Well the same dynamic is playing out now.  President Biden is doing better among all likely voters, because one of the most likely groups to vote, white college grads, support him.  In 2020, their turnout was 72 percent.

So why is polling so unfavorable to the President?  Imagine a universe of young people, and we do polling.  Young people are notoriously hard to reach by phone, so we have to weight to account for their lack of response.  Say we need, out of a poll of 500 respondents, 100 young people.  but we can only reach 50.

As non-respondents rise, weighting smaller subsets of respondents to fill in those groups create a wide variance.

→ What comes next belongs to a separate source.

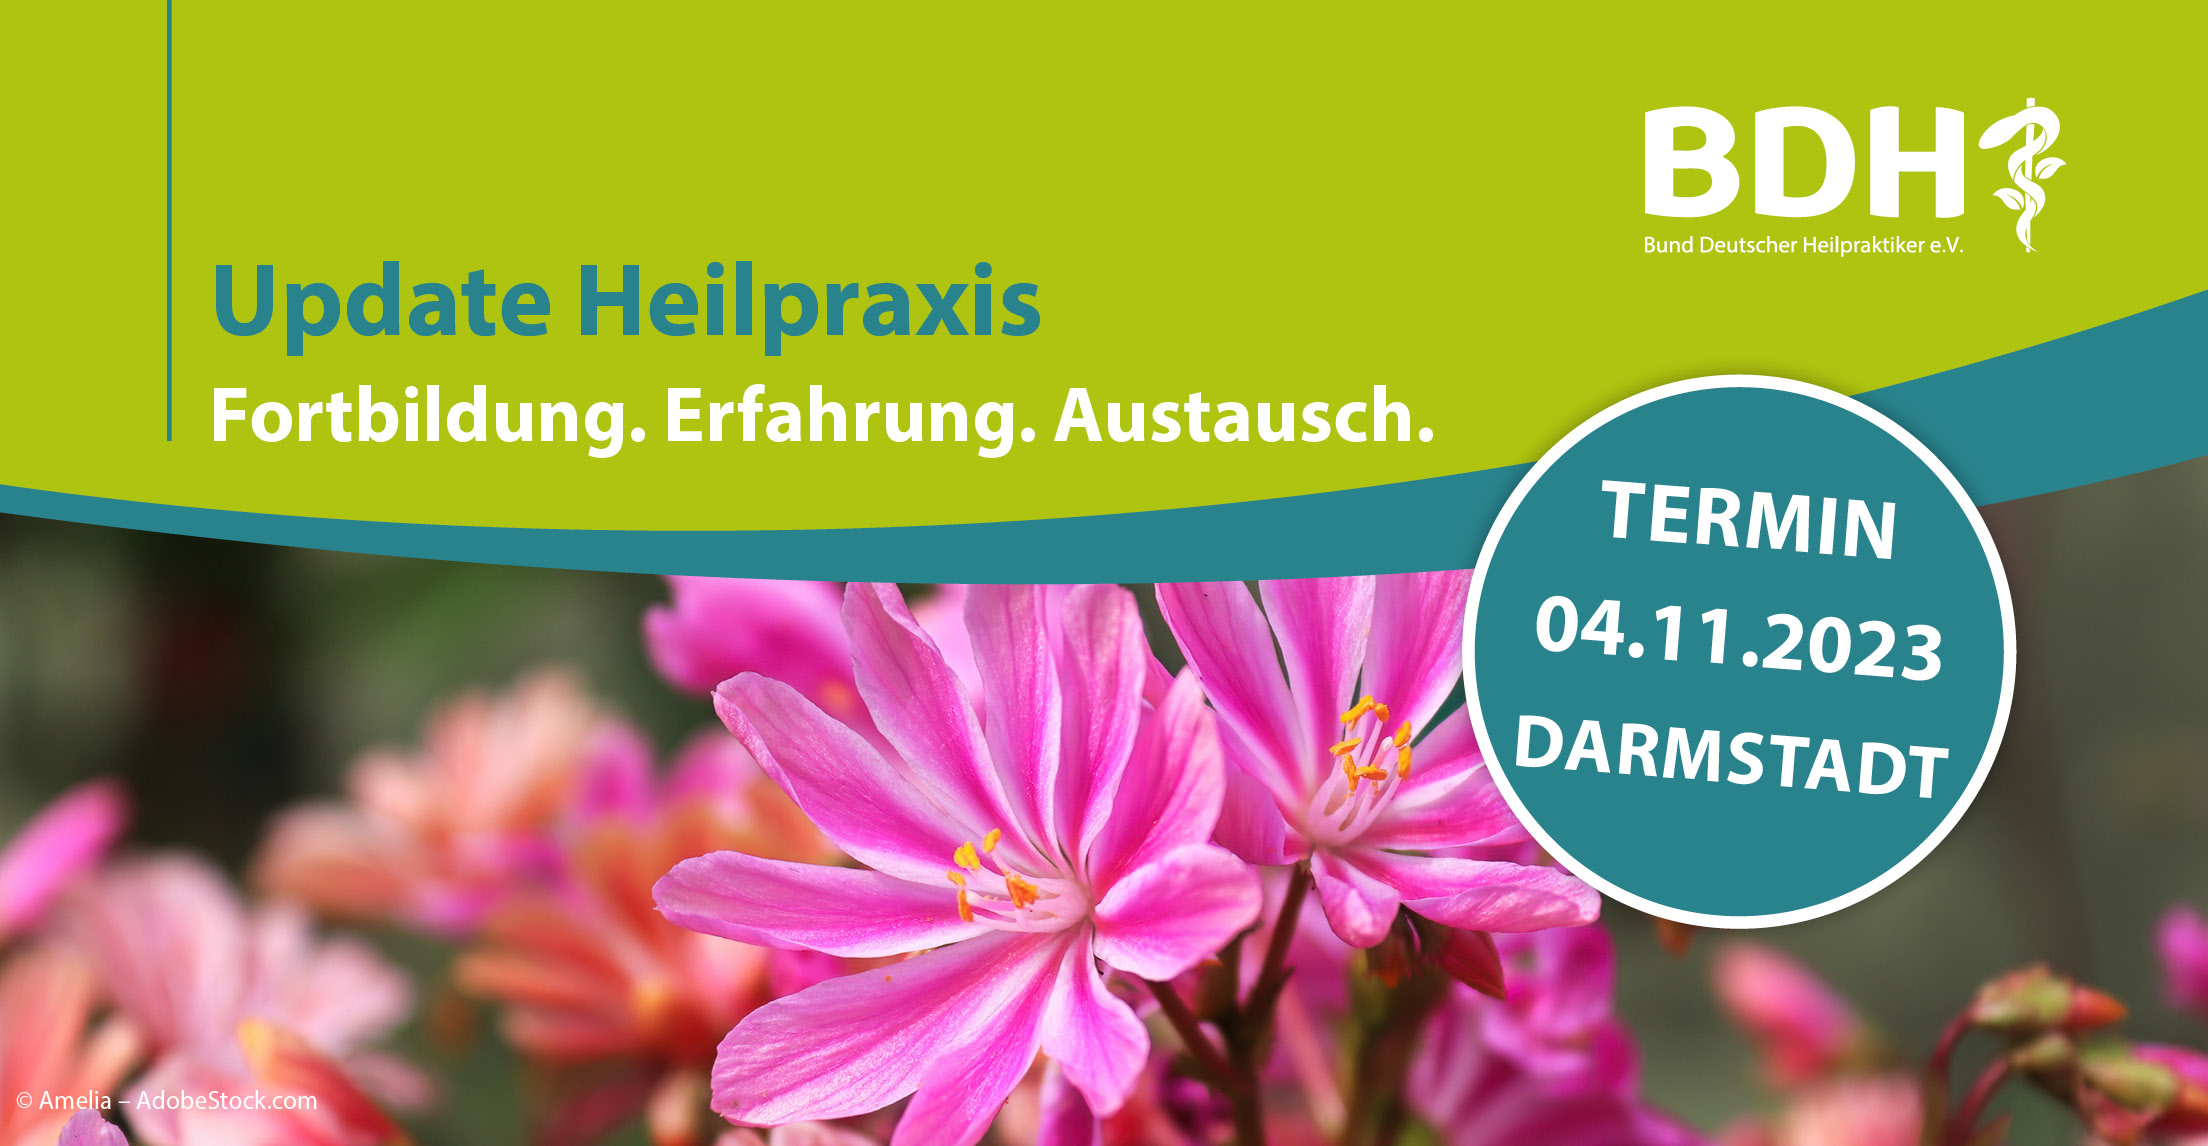 „Update Heilpraxis“ Darmstadt 2023 – Jetzt anmelden!

The other thing to remind everyone of, is that among all demographics, voters that will talk vs. text are more likely to be conservative, as I have noted in previous posts.

From last May’s The Claw News:

In the modern era, a random sampling is almost impossible because there is more cultural diversity, perhaps more importantly, behavioral diversity within cultures, than ever.  A college student that texts only is more likely to be progressive or a Democrat than a college student who talks on the phone.  We knew this nearly ten years ago.

Overall, self-designated political conservatives appear to be the least advanced, and active, when it comes to mobile technology. Pew found that while liberal, conservative and independent voters are equally likely to own a cell phone, only 40% of conservative voters own a smartphone, significantly fewer than liberal (56%) or moderate (55%) voters. Also, only 68% of conservatives use text messaging, compared to 78% of moderates and 81% of liberals.

So those 50 young people we reached?  They are not representative of young people as a whole, who are much more likely to text than talk.

So Quinnipiac is right now, going through the Twitter treatment where partisans are calling into question their credibility and agenda, which is ridiculous.  I can assure you, nobody at Quinnipiac is giggling to themselves, nobody is deliberately skewing data, and the data itself is valid.  Valid data is not always representative, and in this era, response rates are at an all-time low.

From the Harvard Science Data Review:

Because it is incredibly difficult to randomly sample in the contemporary polling environment, most pollsters augment random sampling with weighting and related tools such as quota sampling and multilevel regression with poststratification. These weighting-type adjustments make the nonrandom samples resulting from nonresponse look like they came from a random sample, but with a cost: the techniques require us to assume that the decision to respond is independent of the content of response once the weighting variables have been controlled for.

So my advice is simple:

Look at the cross tabs of any poll and compare those to long-established data trends to get a full read of the poll.

Going forward, the clearest indicators we will be able to take from a poll, most any poll, is internal data.  It is somewhat easier to know how subsets of people are feeling, though by no means a breeze, but response rates make modeling an electorate extremely difficult.

And for the heck of it, where do I see the race, right now?

I am confident in 2024 it will not be close.  As attention focuses on his leadership, and inflation recedes, his numbers will rise.  On election day, I am predicting an approval rating of 51 percent with a popular vote margin of at least nine points carrying all 2020 states plus N.C., with Ohio being a tossup/lean Joe and Texas being a straight up coin flip.